Joey Wat - CEO & Director
Really quick, Walter, the member sales is around 60%-ish. It's not a concern for us because the total members= size is still growing, which is very nicely actually. I mean, our member count (company correction) is 355 million roughly for KFC and then 115 million for Pizza Hut. And when it comes to member and nonmember sales, the member sales 60-some percent is already high enough. And the next target for us is to -- other than quantity is to work on the quality, the stickiness of the member, the overall experience of the member, et cetera, et cetera.

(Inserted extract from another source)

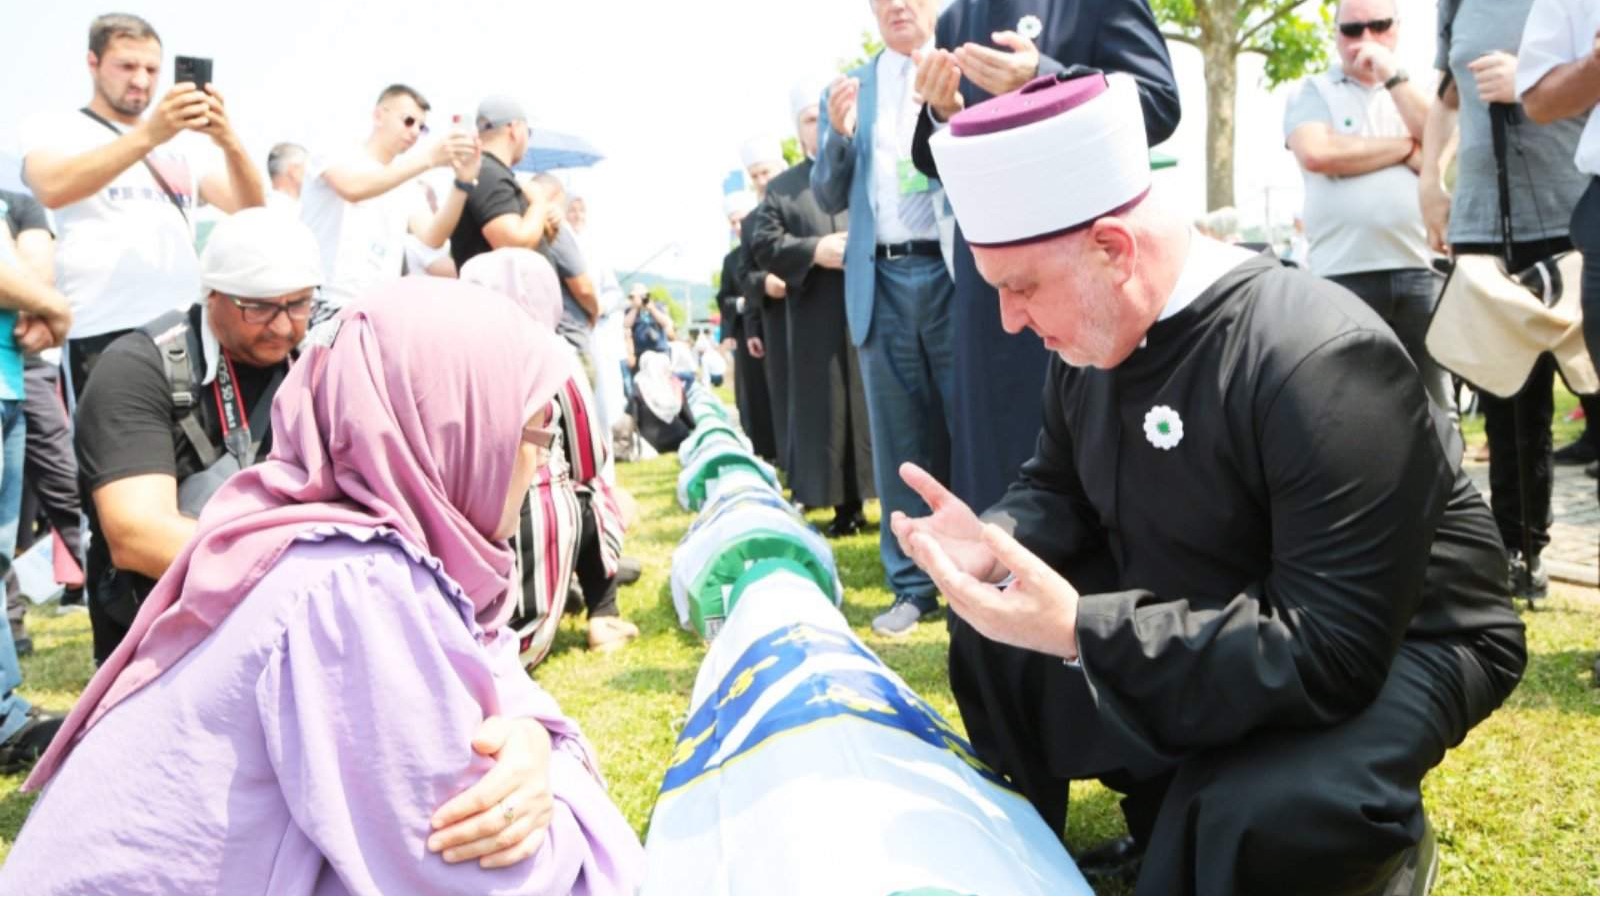 Reisul-ulema obišao tabute 30 žrtava genocida

So I guess we cannot just increase the member sales forever. It does not make much strategic sense. For us, it's quantity first and then quality. But it's a very, very important part of our business and there's still so much that we can do to improve and to get something out of it. Just to give an example, what about the cross-brand sales of KFC and Pizza Hut. How can we do better? And how can we serve the same customer better with KFC, Pizza Hut, Little Sheep and et cetera? So a lot to do here, but the focus is more on the quality and overall experience for now. Thank you, Walter.
Wing Hong Woo - Research Analyst
And just a little bit follow-up. So as the members growth is still very healthy and the member sales mix has declined, so is that means we have more new customers being inducted in the second quarter or in the past few months? So do you see that trends? We have more new customers or new clients, yes.
Joey Wat - CEO & Director
I mean the China population -- oh, go on, Andy. Yes.
Ka Wai Yeung - CFO
Yes. Yes. So Walter, I think as Joey mentioned, like we have a very large member base. We already have like 380 million members, and it's a very large population in the urban area already. The other part of this is that this always -- it's not always higher than member sales, percentage of member sales the better. But if I have 100% member sales, that means you have no new customers. So there's always a balance between a mix of member sales and the new members. And so there will be some fluctuations from time to time, depending on the marketing campaigns and depending on the macro conditions. But I think at 62% it's a really healthy level. And so, and then in terms of, for us, we, as Joey mentioned, which is how to drive that quality of member sales, driving cross sales among our customers and then continue to increase their stickiness and frequency for the long term so that the payback for our marketing and new customer recruitment will continue to improve, so those are a number of metrics. I think member sales is one of them, and it's not always the higher the better.
Michelle Shen - IR Director
Thank you. That concludes the call today, and we look forward to speaking with you on the next earnings call. Have a great day.
Operator
That does conclude our conference for today. Thank you for participating. You may now disconnect.